Classifications

• • G—PHYSICS
  • G10—MUSICAL INSTRUMENTS; ACOUSTICS
  • G10C—PIANOS, HARPSICHORDS, SPINETS OR SIMILAR STRINGED MUSICAL INSTRUMENTS WITH ONE OR MORE KEYBOARDS
  • G10C9/00—Methods, tools or materials specially adapted for the manufacture or maintenance of musical instruments covered by this subclass
• • G—PHYSICS
  • G10—MUSICAL INSTRUMENTS; ACOUSTICS
  • G10D—STRINGED MUSICAL INSTRUMENTS; WIND MUSICAL INSTRUMENTS; ACCORDIONS OR CONCERTINAS; PERCUSSION MUSICAL INSTRUMENTS; AEOLIAN HARPS; SINGING-FLAME MUSICAL INSTRUMENTS; MUSICAL INSTRUMENTS NOT OTHERWISE PROVIDED FOR
  • G10D3/00—Details of, or accessories for, stringed musical instruments, e.g. slide-bars
  • G10D3/22—Material for manufacturing stringed musical instruments; Treatment of the material
• • G—PHYSICS
  • G10—MUSICAL INSTRUMENTS; ACOUSTICS
  • G10D—STRINGED MUSICAL INSTRUMENTS; WIND MUSICAL INSTRUMENTS; ACCORDIONS OR CONCERTINAS; PERCUSSION MUSICAL INSTRUMENTS; AEOLIAN HARPS; SINGING-FLAME MUSICAL INSTRUMENTS; MUSICAL INSTRUMENTS NOT OTHERWISE PROVIDED FOR
  • G10D9/00—Details of, or accessories for, wind musical instruments
  • G10D9/08—Material for manufacturing wind musical instruments; Treatment of the material

Definitions

• the invention relates to a method for improving the sound of musical instruments. It relates in particular to a method for reducing the sound output and / or for reducing energy storage effects of the passive range of musical instruments. Finally, the invention also provides a novel musical instrument.
• the term "passive region" of a musical instrument is to be understood as meaning those components or regions of components which are not directly required for the production of sound, for example in the case of a grand piano or piano the cast plate on which the strings are mounted in the case of a violin the neck, in a timpani the corpus on which the membrane is mounted, etc.
• Sound event "and" secondary sound event are used below and should be understood as follows:
• a primary sound event is one that is triggered by the vibrations of the components of the active area or the active area of a component, in other words the actually intended in the foreground for the sound of the musical instrument wanted sound event.
• a secondary sound event however, the sound event generated by vibrations or vibrations of the components of the passive range of the musical instrument is here understood, which co-determines the overall sound by superposition with the primary sound event.
• the soundboard 13 is sound conducting with the rest of the body (casement 6 and wall 7), and in this way with all the components of the instrument connected. This means that all parts of the instrument are affected by the primary sound event, i. be excited by the vibrations of the active region consisting of strings, bridge 14 and sound board 13, to resonate.

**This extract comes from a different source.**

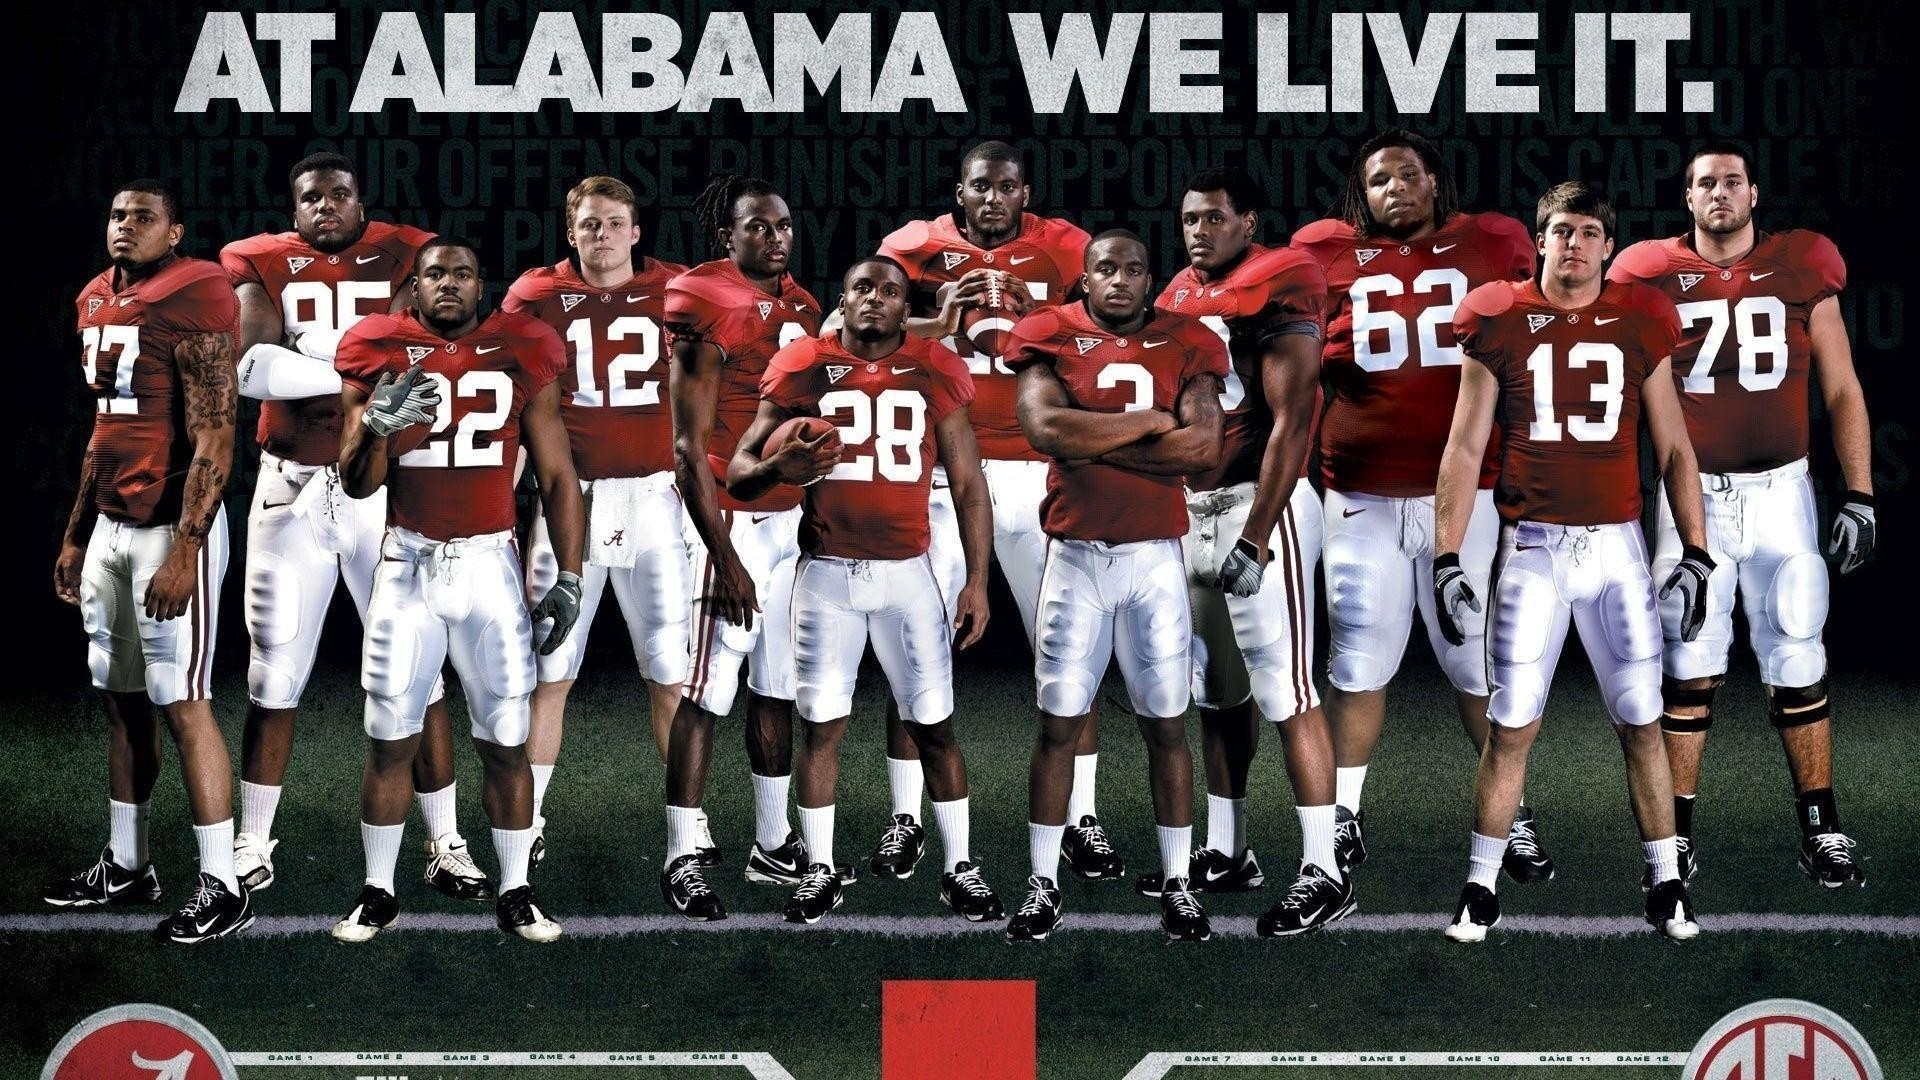 1920x1080 1920x1080 Football, College, Crimson Tide, Alabama Football Team .

• the crystalline bodies are connected according to the invention by a solid, direct connection with the respective components of the musical instrument to be disposed of kinetically or with the passive regions of such components, in particular glued or embedded in these.

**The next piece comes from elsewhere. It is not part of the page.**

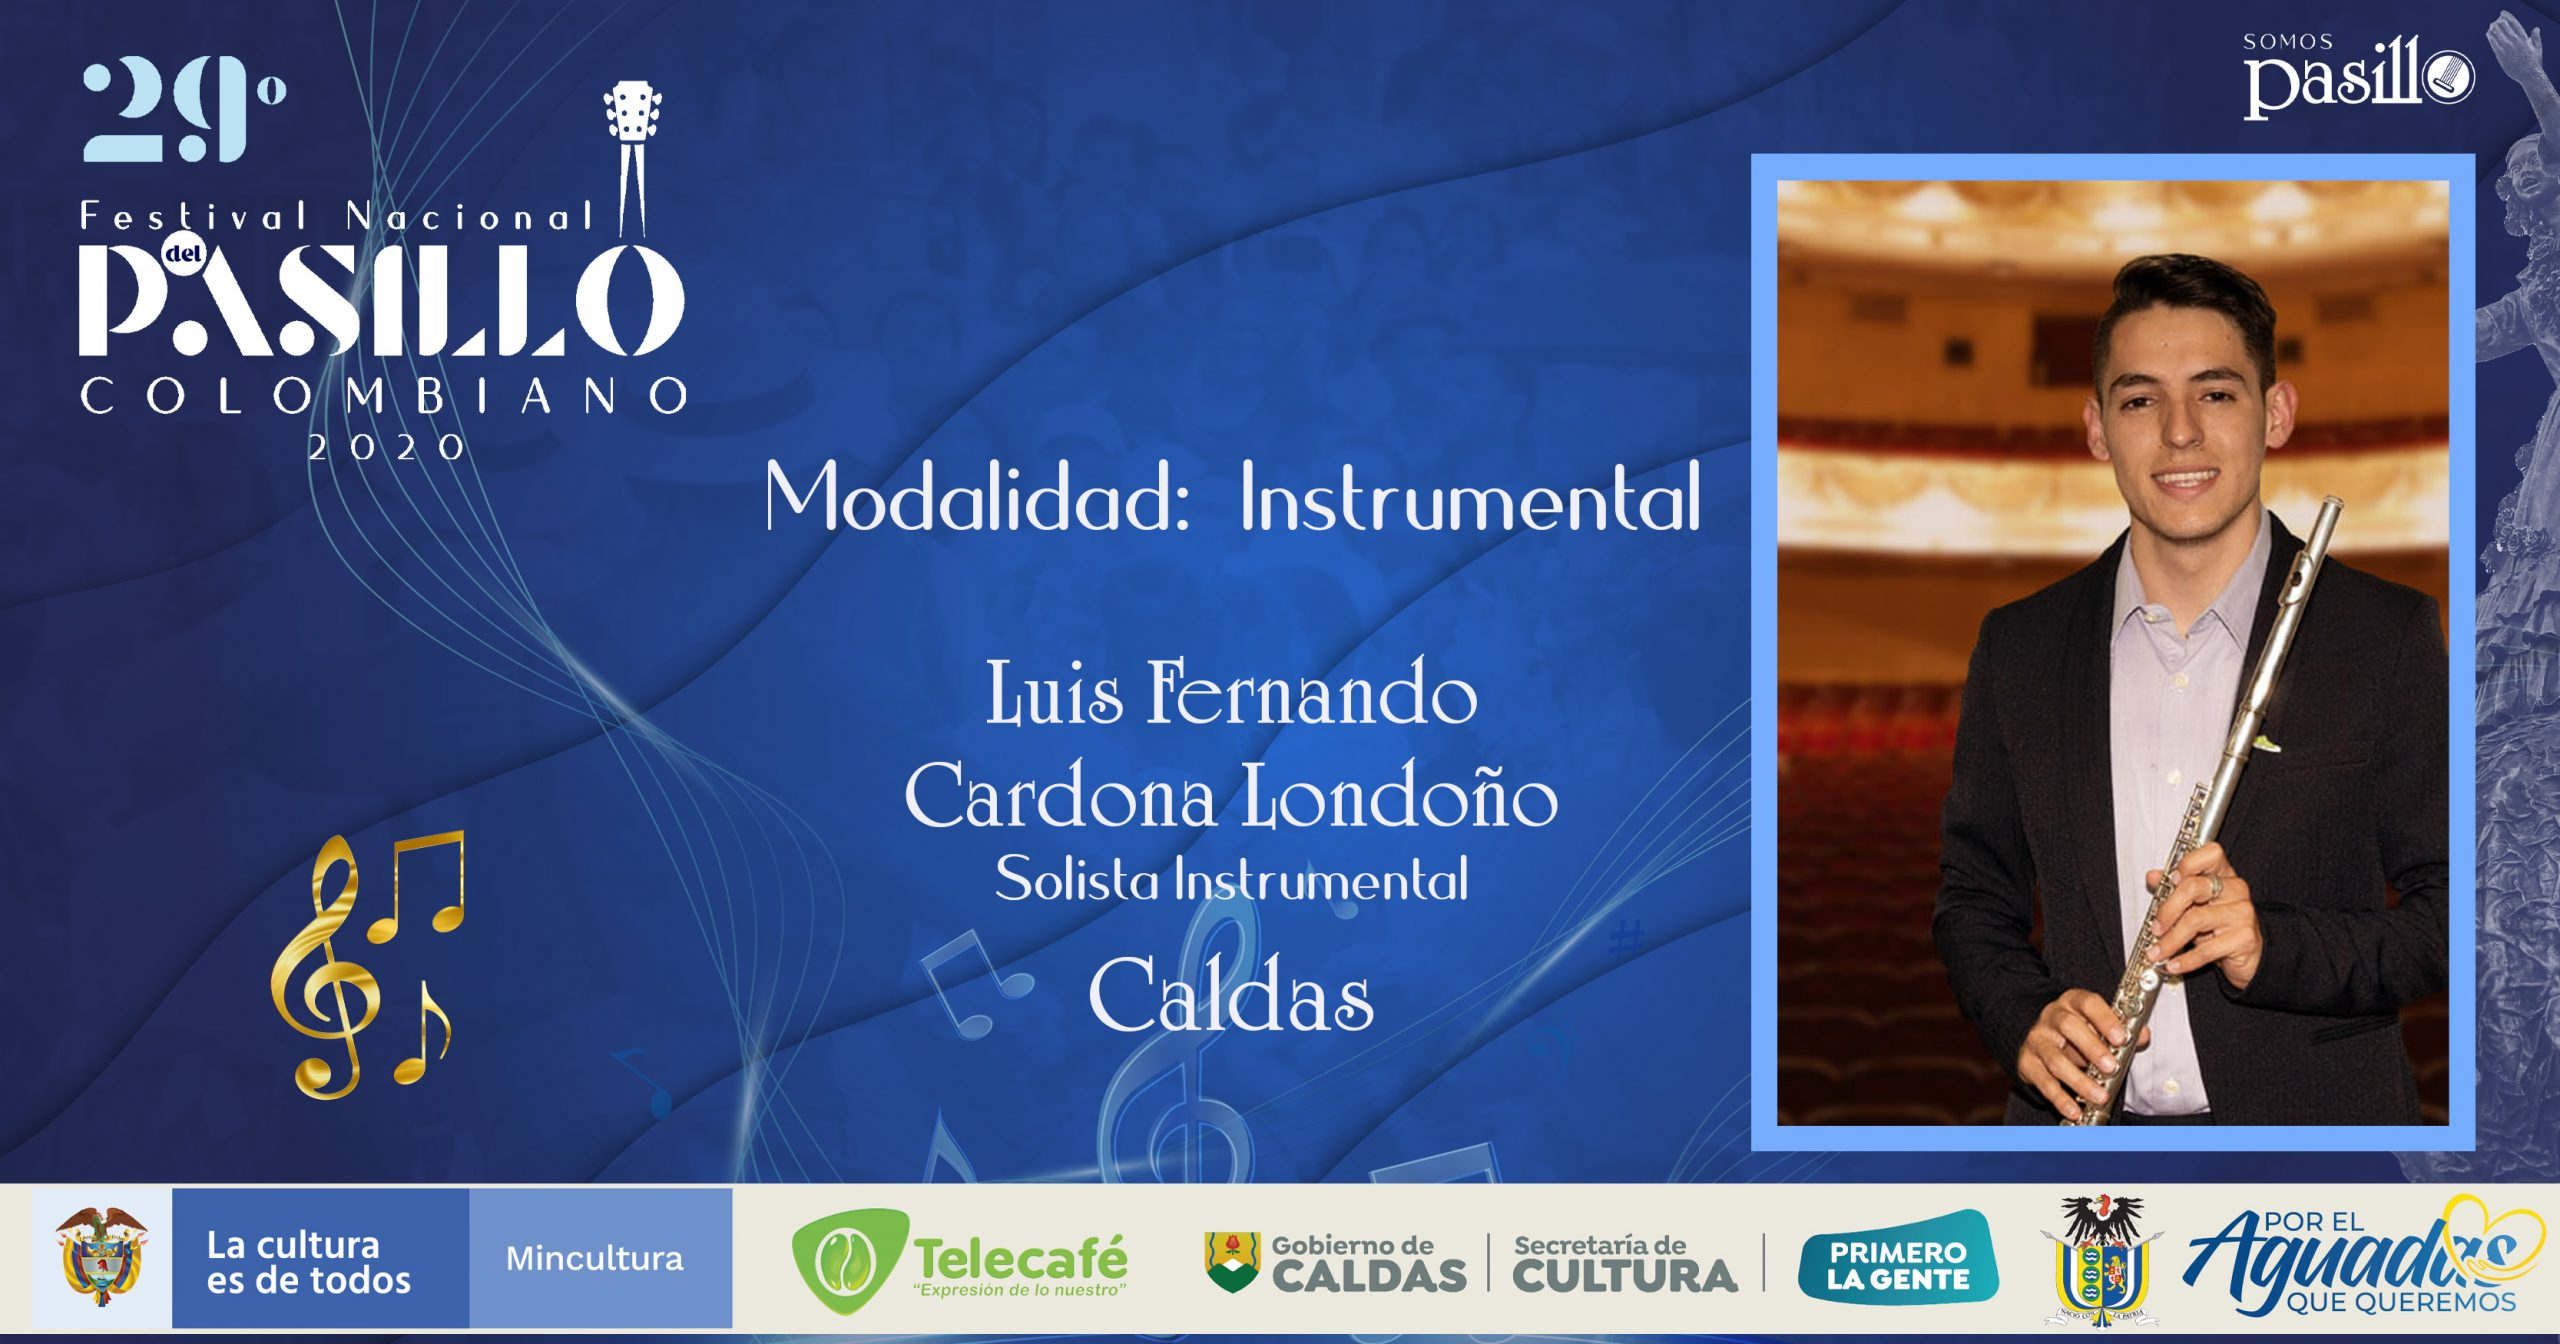 Luis Fernando Cardona Londoño

• the essential aspect of the invention resides in the realization that it is possible to derive sound energy from a musical instrument by means of an effect referred to herein as "kinetic disposal".
• the kinetic disposal can take place on a total attributable to the passive area of the musical instrument component to avoid occurring in this component energy storage effects and their negative retroactive effect on the current or optionally subsequent primary sound event (see claim 2).

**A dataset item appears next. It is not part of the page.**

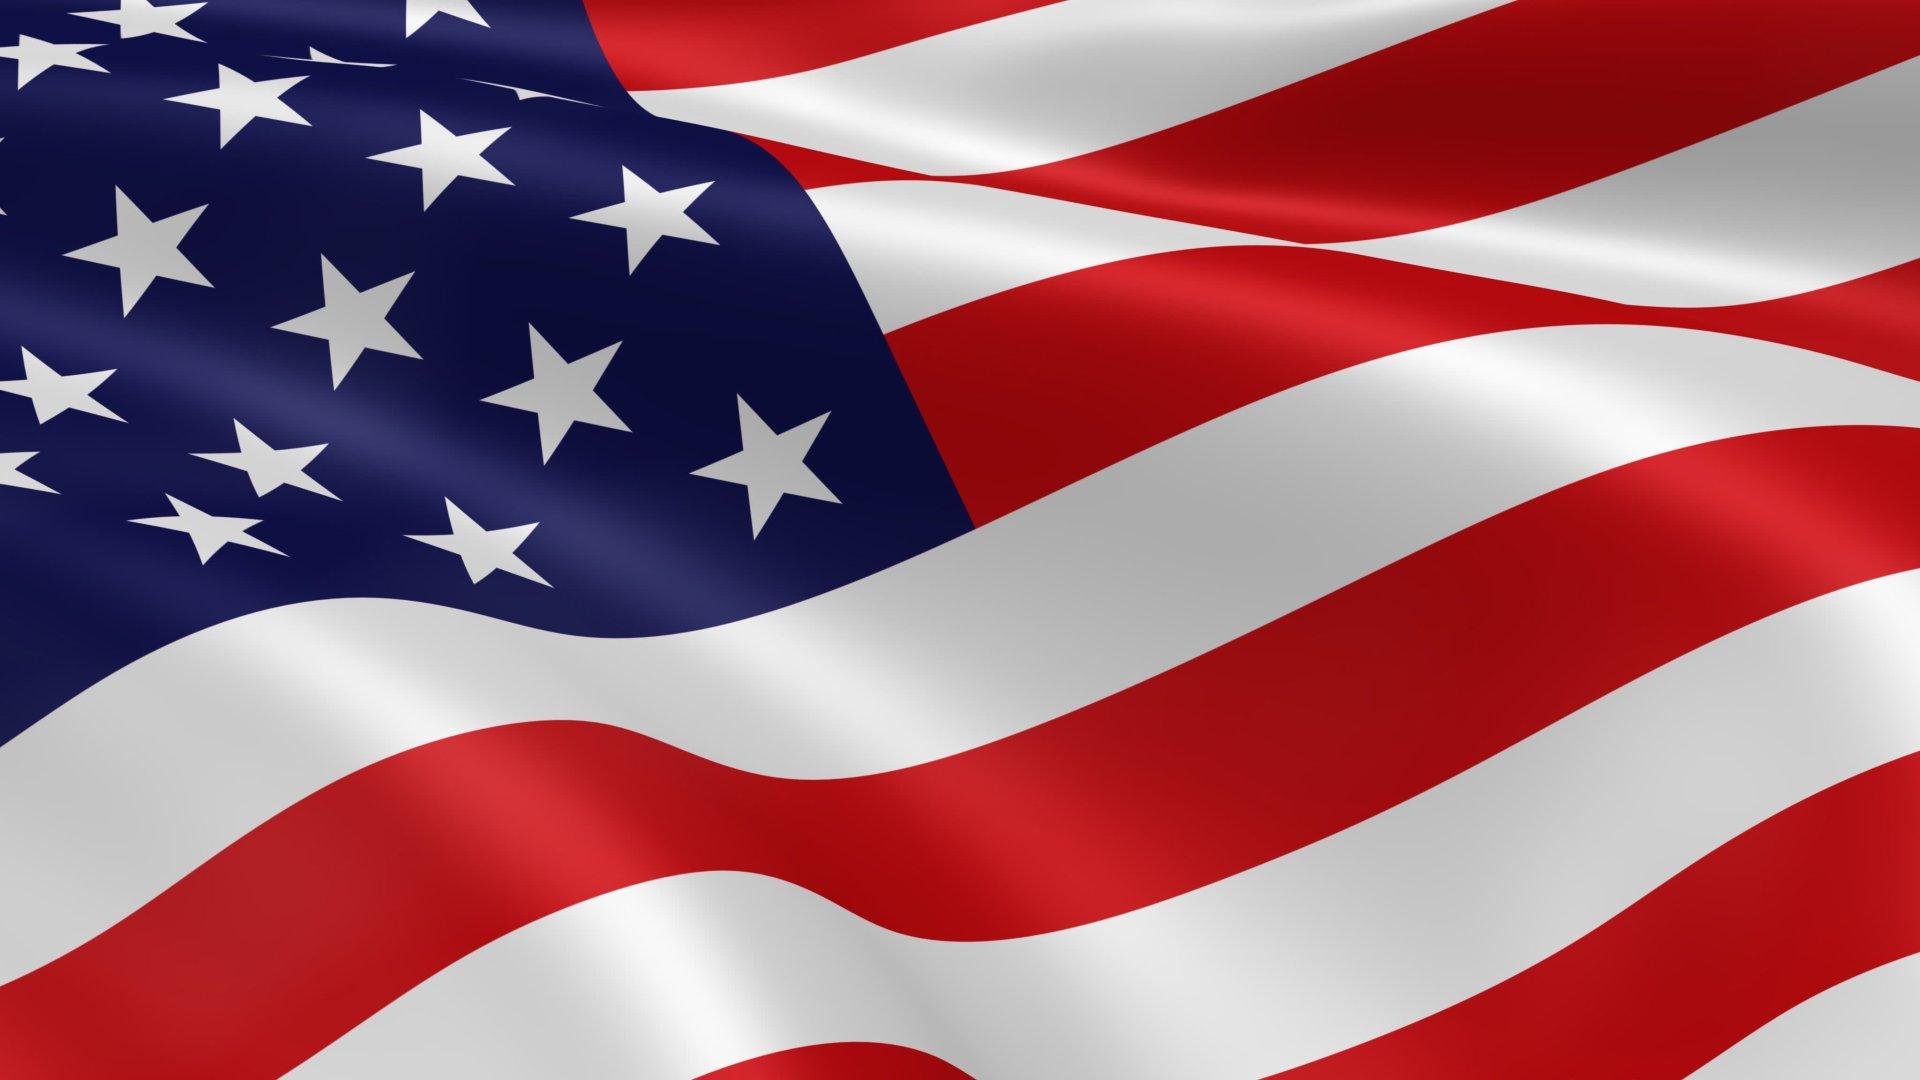 Bandera Estados Unidos Foment Del Treball

• the crystalline body can also be used in a passive region of a component also equipped with an active region. This prevents the acoustic energy stored elsewhere in the passive area of the component from flowing back into the active area and adversely affecting the sound of the subsequent primary sound event.
• the kinetic disposal is achieved according to the invention by a crystalline body made of a material with high speed of sound in the solid state (sound velocity of more than 8,000 m / s) on the non-required for the generation of the primary sound event components of the passive area or on the passive area of an active area having a component of the instrument is arranged to reduce the sound output to the environment, as far as possible to eliminate and to reduce or avoid its ringing.
• the degree of kinetic disposal results from the ratio of the sound velocities of the two materials.
• the degree of kinetic disposal results from the ratio of the sound velocities of the two materials.
• the materials typically used in musical instrument making, kinetically disposable materials are wood, gray cast iron, brass, etc., whose sound velocities are all between about 3,000 and 5,000 m / s.
• materials with sound velocities of at least 8,000 m / s have sufficient potential to be kinetically disposable.
• the kinetic disposal can also directly on the active area react.
• the reed of a clarinet for example, consists of an active (ie freely oscillating) region and a passive (ie firmly clamped) region.
• the kinetic disposal by means of the method according to the invention by arranging a crystalline body according to the invention directly at the clamping reduces the repercussions of the ringing of the fixed clamping
• the active area thus returns as quickly as possible to its energetically optimal initial state, overlays of sound events are avoided.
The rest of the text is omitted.